What you should do: Keep the pictures out, and restate the listing that follows exactly as written.

═══ Available data

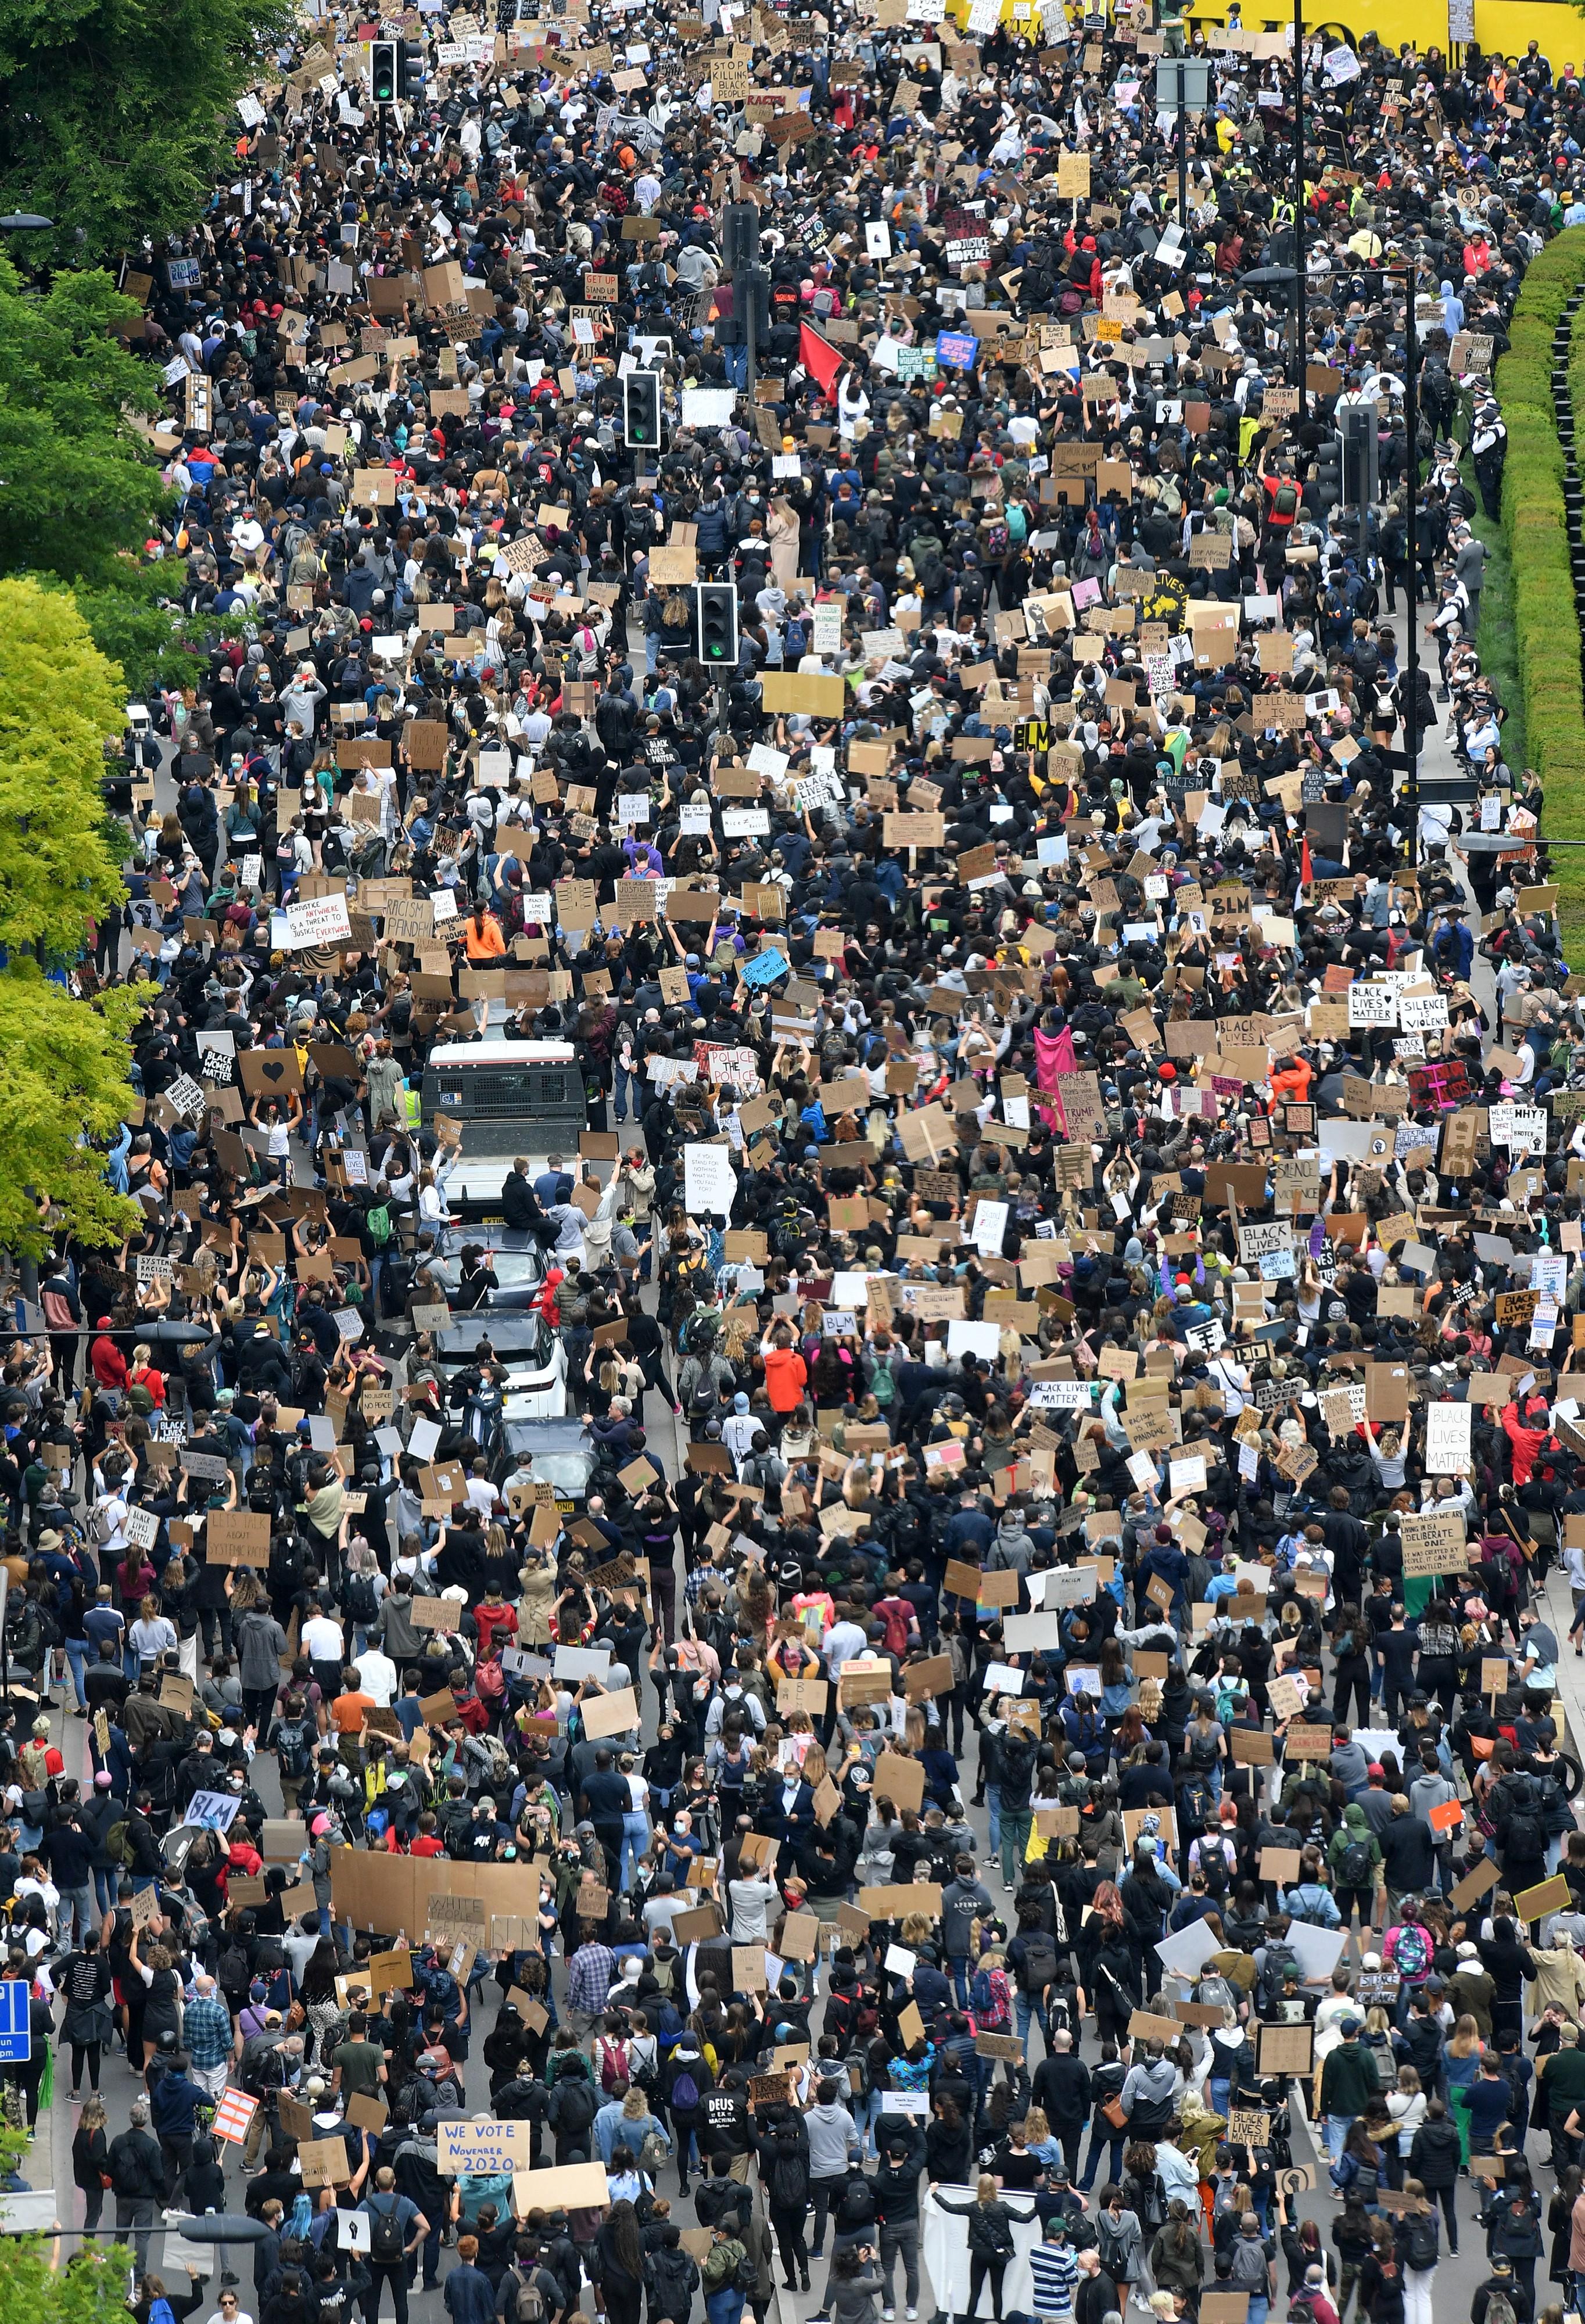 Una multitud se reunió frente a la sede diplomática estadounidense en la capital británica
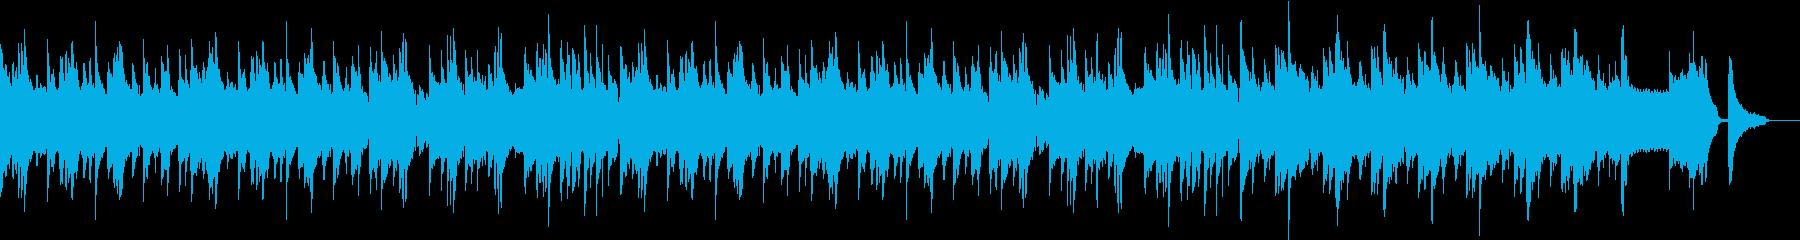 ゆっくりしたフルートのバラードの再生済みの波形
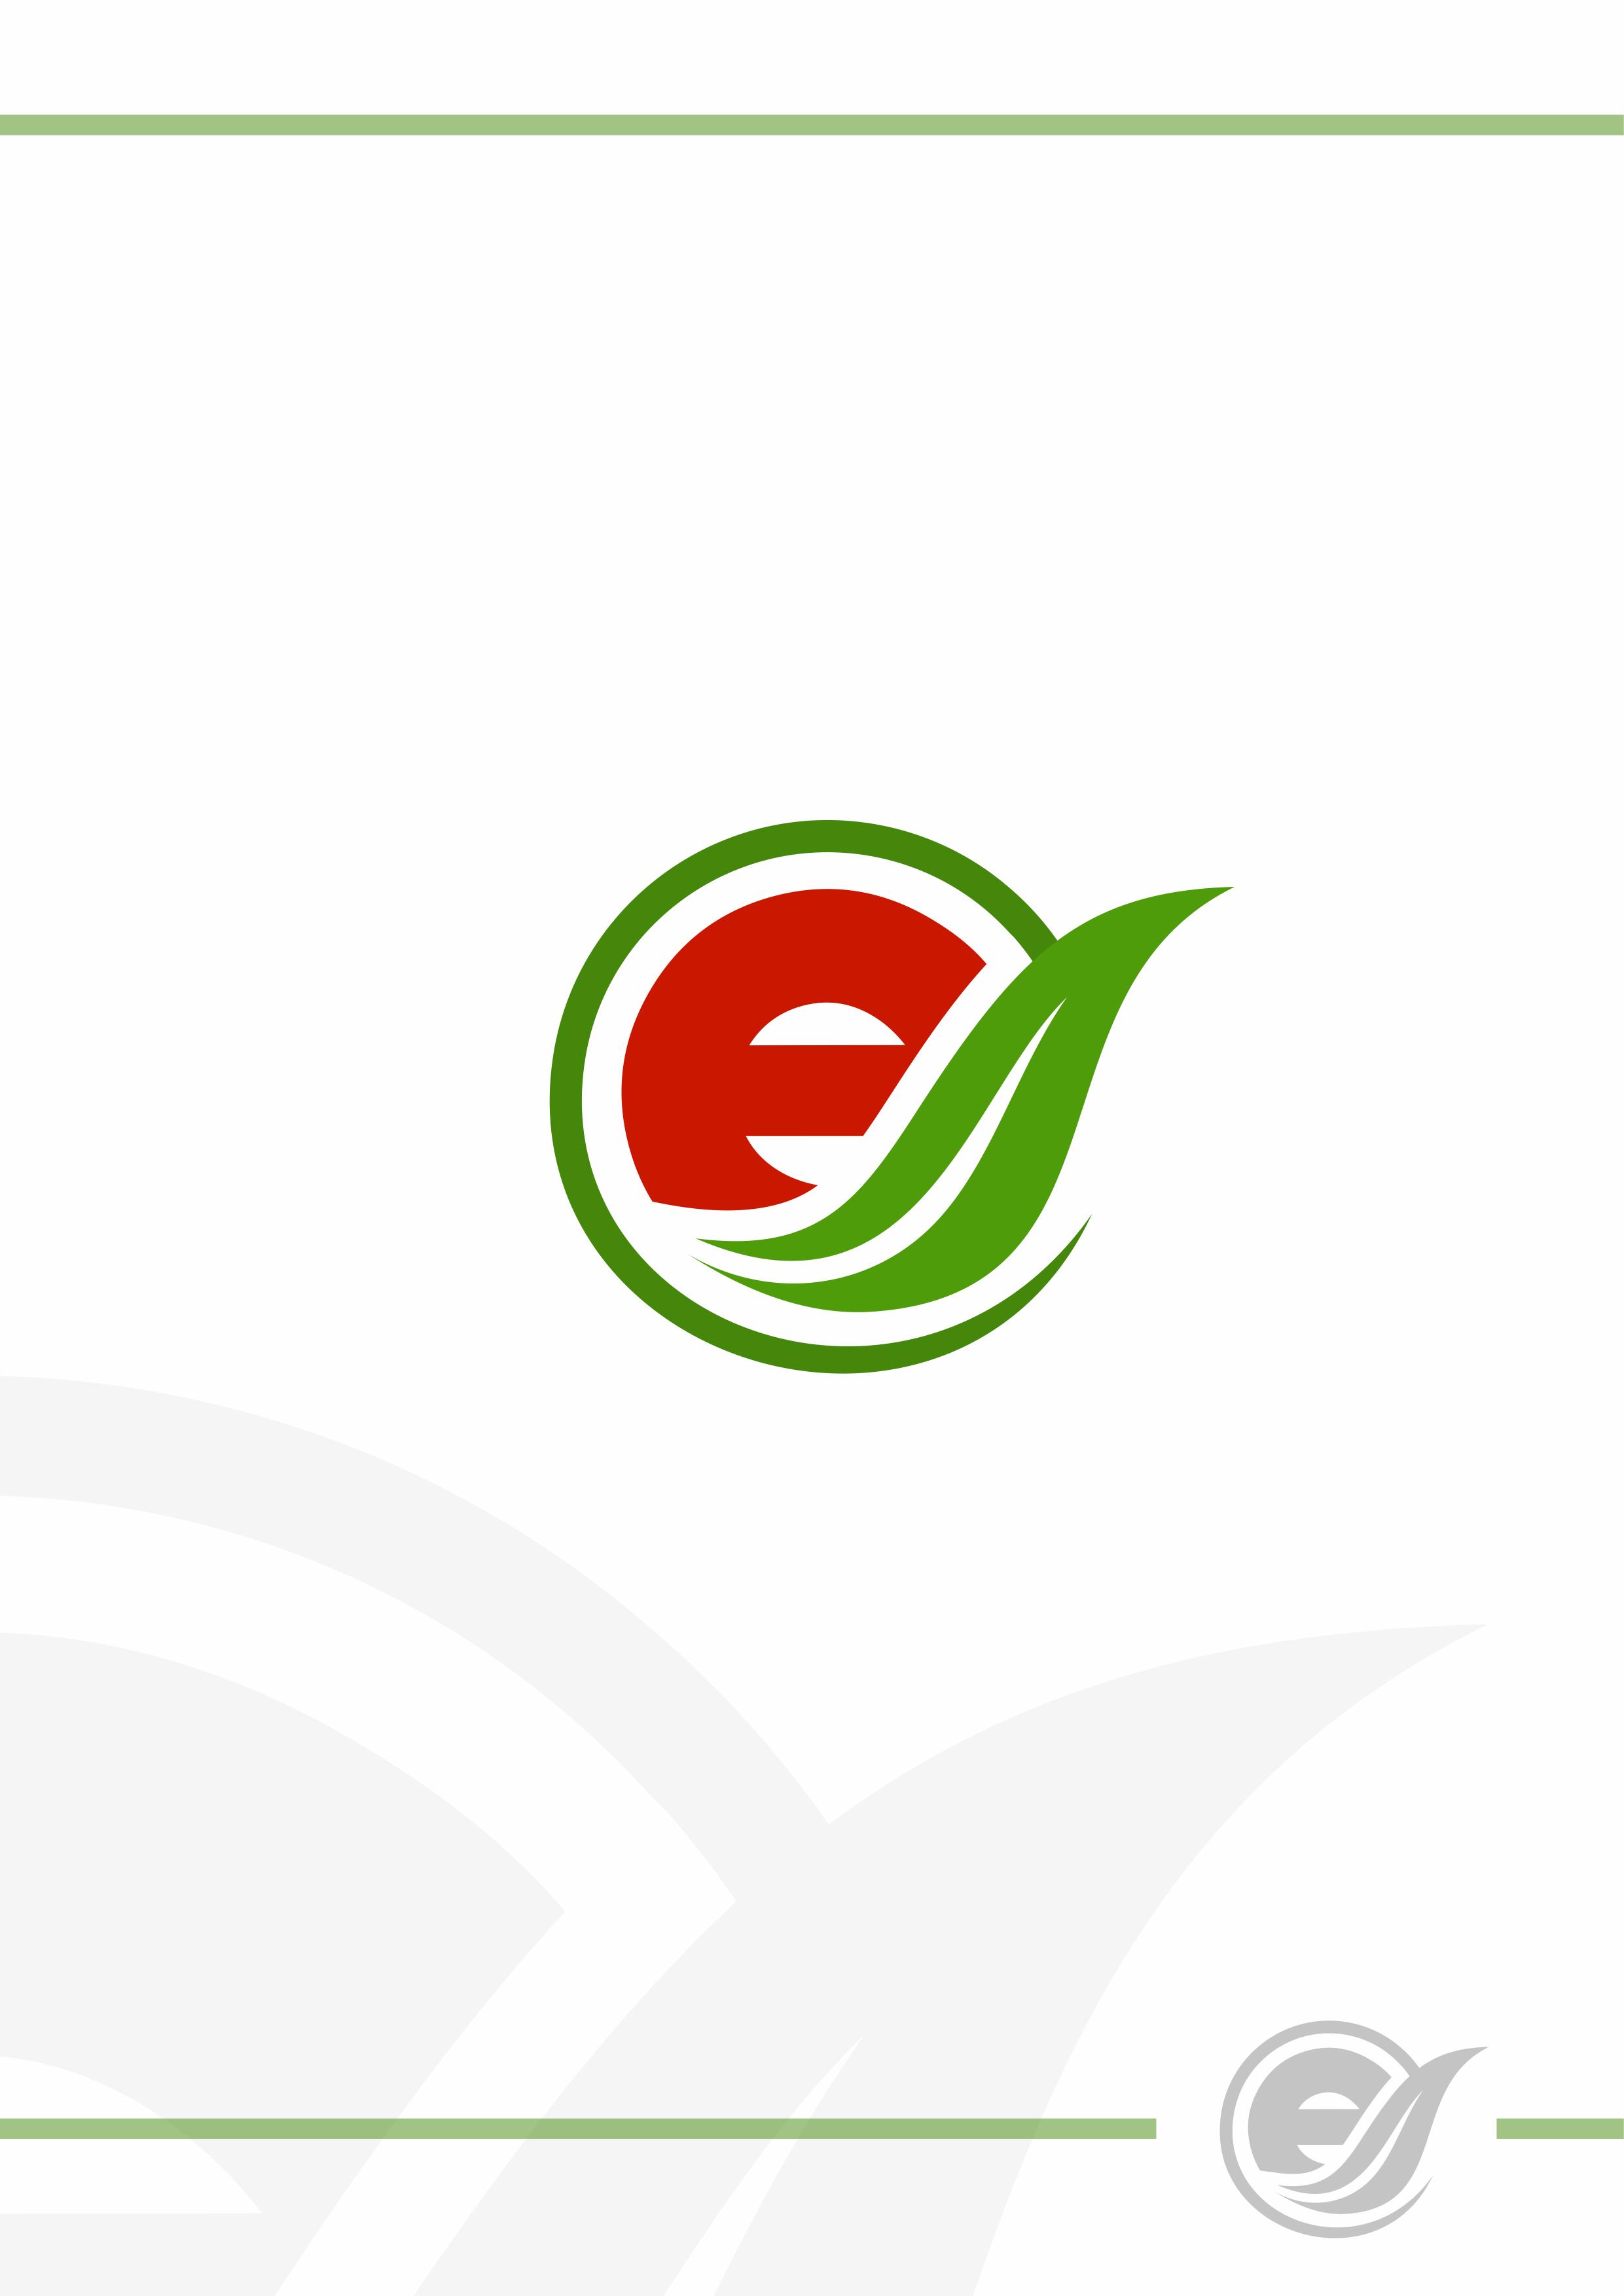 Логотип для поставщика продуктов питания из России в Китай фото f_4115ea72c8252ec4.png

══════

Response:
 Una multitud se reunió frente a la sede diplomática estadounidense en la capital británica
 ゆっくりしたフルートのバラードの再生済みの波形
 Логотип для поставщика продуктов питания из России в Китай фото f_4115ea72c8252ec4.png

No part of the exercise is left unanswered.